Model	STS-12	STS-13	STS-14	STS-15	STS-B	SICK-R	Average Score
Self-StrAE	31.98	53.88	37.73	55.23	39.53	51.78	46.59
GloVe+stopword rm	39.00	41.61	39.31	51.06	48.40	52.80	44.96
Sent2Vec	38.14	51.37	48.64	67.28	53.39	59.67	53.28
RoBERTa+SimCSE	50.63	62.23	54.17	68.77	53.53	56.87	59.02
Banyan	51.38	69.60	63.20	73.08	61.90	55.23	62.97

English Retrieval and Classification Tasks:

Model	Quora NDCG@10	Arguana NDCG@10	SST-2 Acc	MRPC F1
Self-StrAE	40.02	15.48	74.67	80.34
RoBERTa+SimCSE	59.30	21.84	75.97	80.83
Banyan	65.71	28.28	75.96	79.48

Ablation Study¶

Configuration	Description	Effect
Self-StrAE Baseline	Independent trees + fully connected layers + contrastive loss	Score 46.59
+ Entangled Trees	Replaced with global entangled graph structures	Significant improvement (eliminates false negatives, shares context)
+ Diagonalised Message Passing	Diagonal scaling replaces linear layers	Further improvement (parameters reduced from 1,072 to 14)
+ CE loss replacing contrastive loss	Switch objective using space alignment	More stable training
K=128, U=2 configuration	Maximizes channel count, minimizes channel dimension	Best performance

Model Scale Comparison:

Model	Non-embedding Parameters
Banyan	14
Self-StrAE	1,072
RoBERTa (M)	~10M
MiniLM-L12	~21M
XLM-R	~85M
Llama 3.1	~8B
Mistral Nemo	~12B

Key Findings¶

Extreme Parameter Efficiency: 14 non-embedding parameters outperform Transformers with millions or even billions of parameters. On STS tasks, Banyan (62.97) > RoBERTa+SimCSE (59.02), a parameter size difference of over 5 orders of magnitude.
Cross-level Semantic Transfer: Unlike GloVe/Sent2Vec, structured models can seamlessly transfer word-level semantics to sentence-level semantics—demonstrating the true advantage of compositional semantics.
Significant Advantage in Retrieval Tasks: On Quora retrieval, Banyan achieves an NDCG@10 of 65.71, surpassing SimCSE RoBERTa's 59.30, indicating that structured representations hold practical value in key RAG applications.
Outstanding Performance in Multilingual Low-Resource Scenarios: In the SemRel evaluation across 9 languages, Banyan achieves an average score of 60.01, surpassing large models such as XLM-R (46.61) and Llama 3.1 8B (53.06). Its advantage is particularly pronounced in extremely low-resource languages like Hausa (49.68 vs. 4.1).

Highlights & Insights¶

Counter-intuitive Minimalism: In an era where deep learning pursues increasingly larger scales, Banyan beats models with billions of parameters using only 14 parameters, proving that a correct inductive bias is more valuable than brute-force scaling.
Elegant Design of Entangled Trees: Utilizing batch-level shared graph structures kills three birds with one stone—fusing context, eliminating false negatives, and reducing memory usage.
Profound Impact of Diagonalisation: Adapting the concepts of linear RNNs to tree structures not only reduces parameters but also boosts performance, suggesting that "memory decay along structure" is a universally beneficial inductive bias.
Metaphorical Name: The model is named Banyan because banyan trees have multiple roots (corresponding to the multi-root structure of the entangled graph) and nodes can be shared across branches—combining poetic intuition with technical suitability.

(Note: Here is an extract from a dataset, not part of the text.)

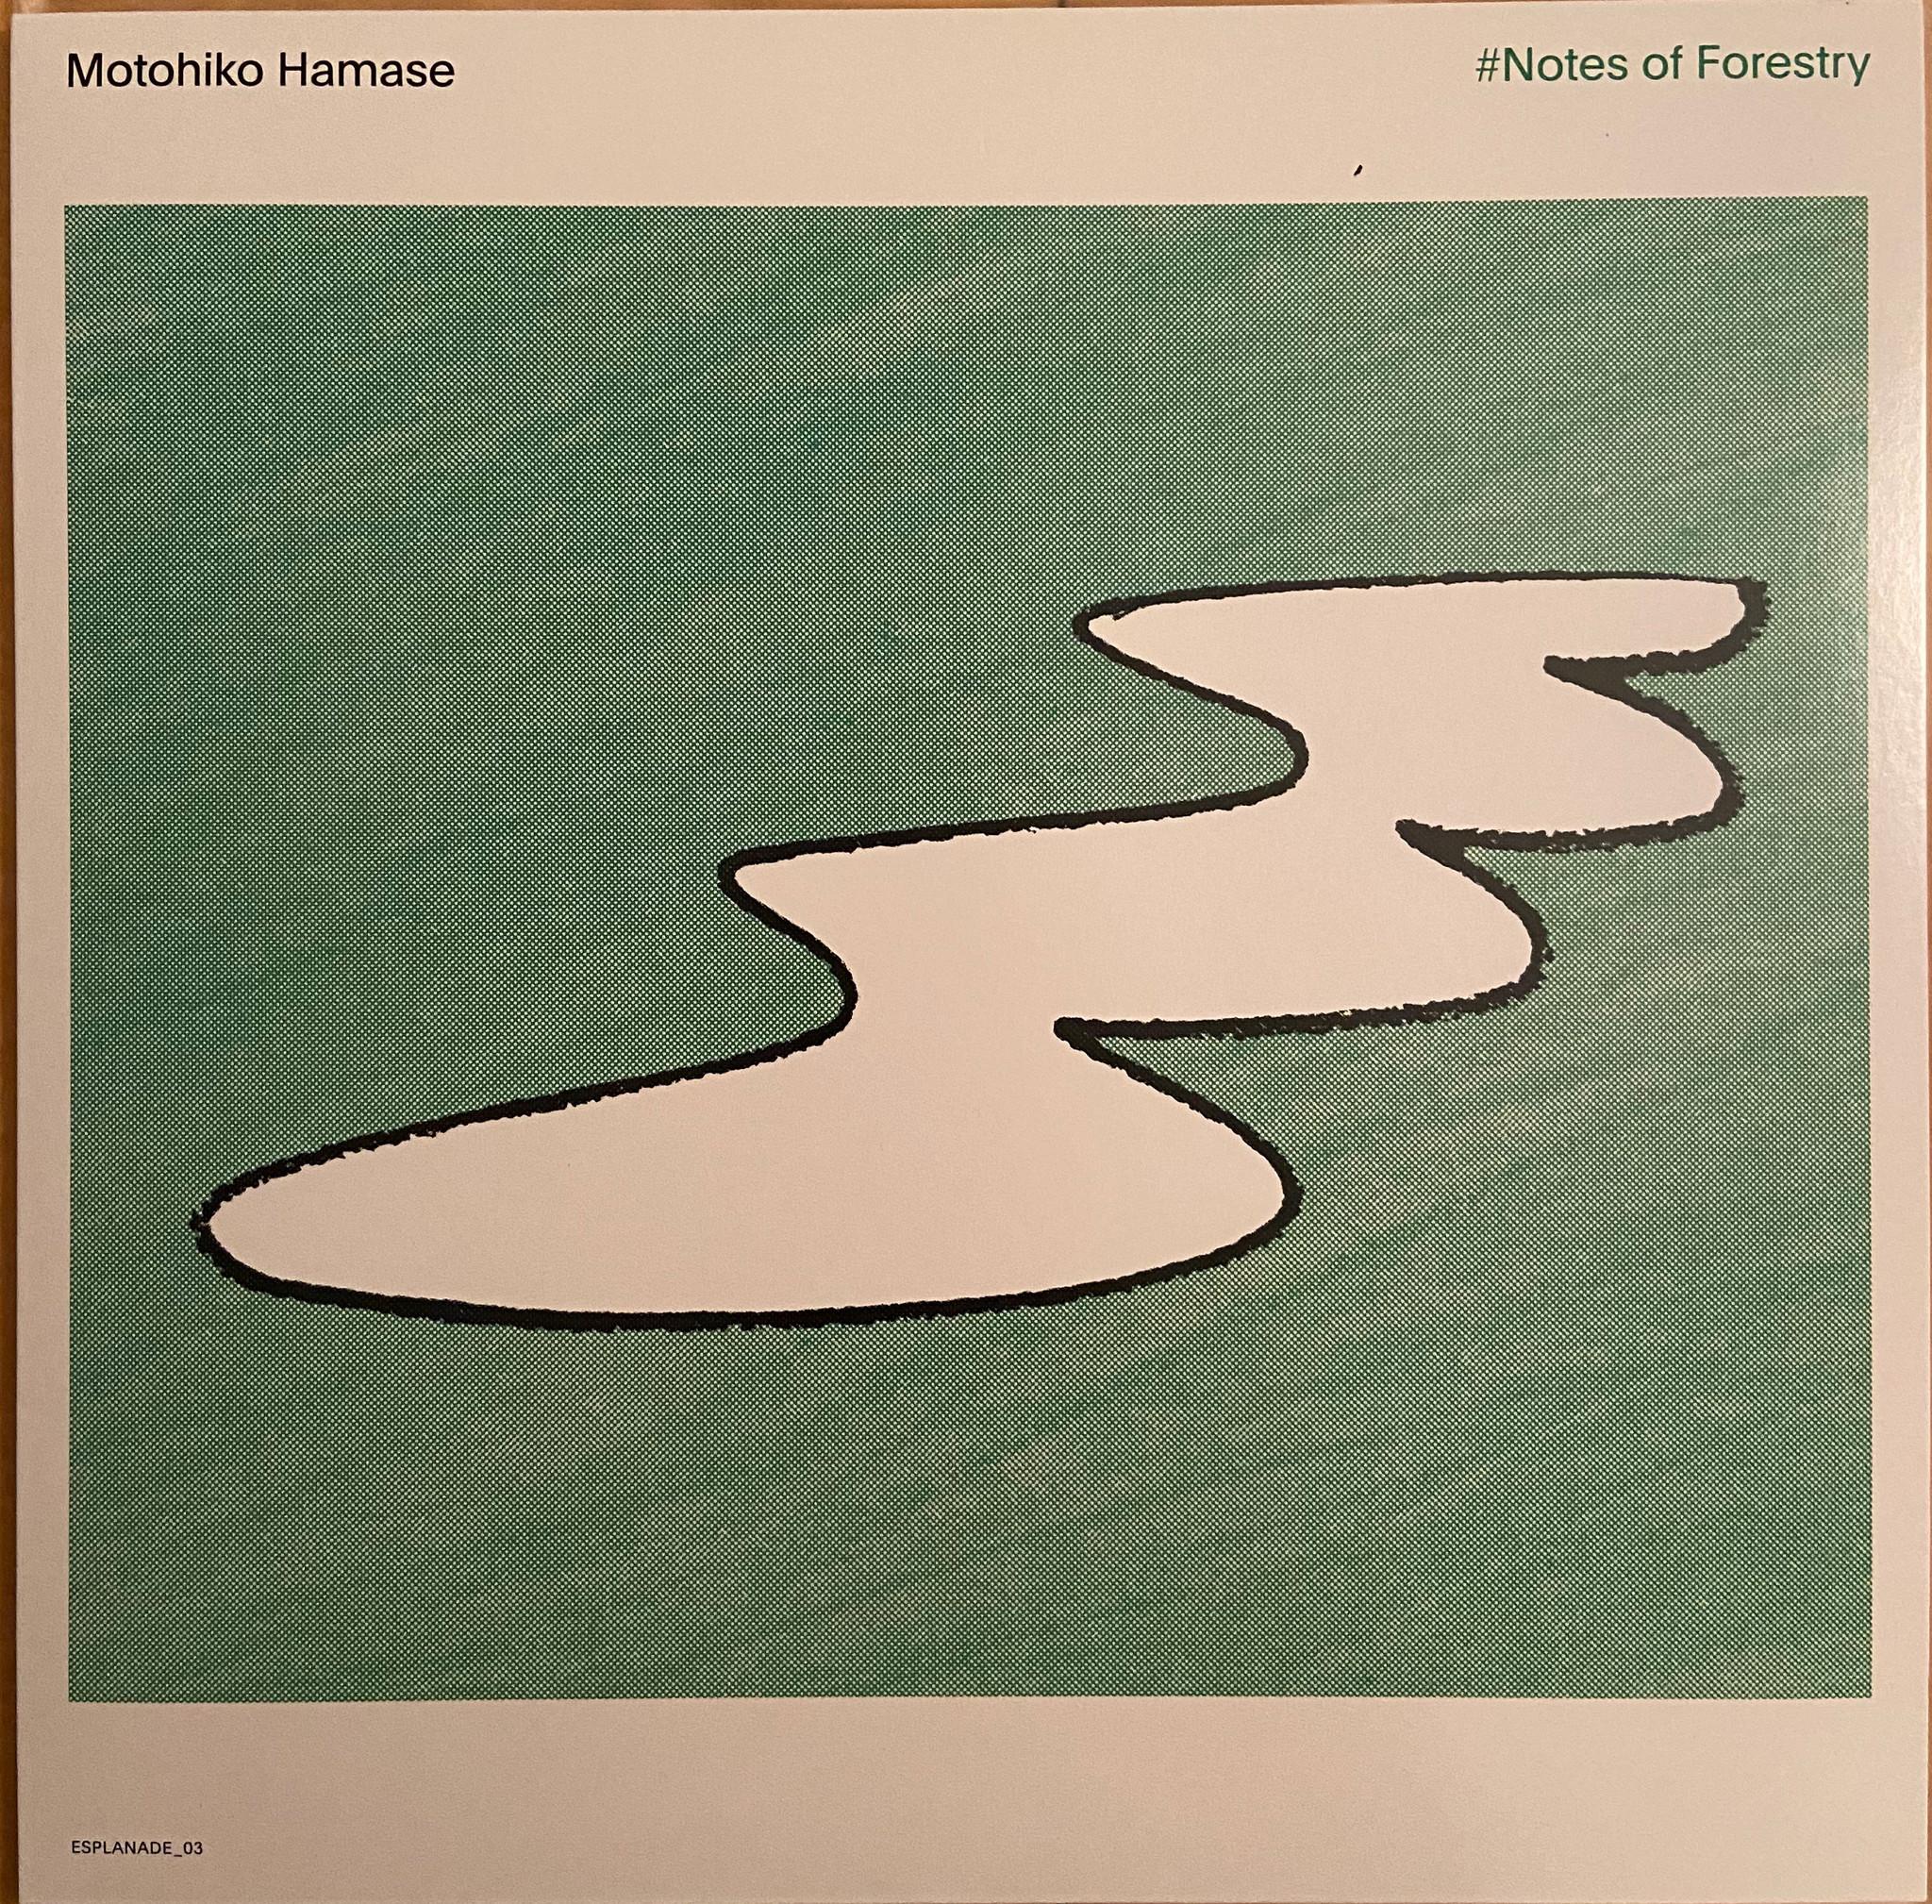 Motohiko Hamase - #Notes of Forestry

Limitations & Future Work¶

Weakness in Word-Level Similarity: Performance on SimLex-999 is weak (14.65) because the model needs to simultaneously model similarity and relatedness, while SimLex strictly excludes relatedness.
No Advantage in Classification Tasks: Banyan performs on par with baselines on SST-2 and MRPC, suggesting that classification may depend more on parameterized top classification layers than on representation quality itself.
Greedy Merging Strategy: Greedy merging based on cosine similarity can yield sub-optimal tree structures; future work could explore more global structural optimization methods.
Approximation of Batch Entanglement: Although unbiased, the batch-level entangled tree is only an approximation of full-dataset entanglement. Nominally, larger batch sizes yield better results but are constrained by memory.
NLP Only: It is currently only validated on textual semantic similarity tasks. Its applicability to domains like vision or multi-modality has not been explored.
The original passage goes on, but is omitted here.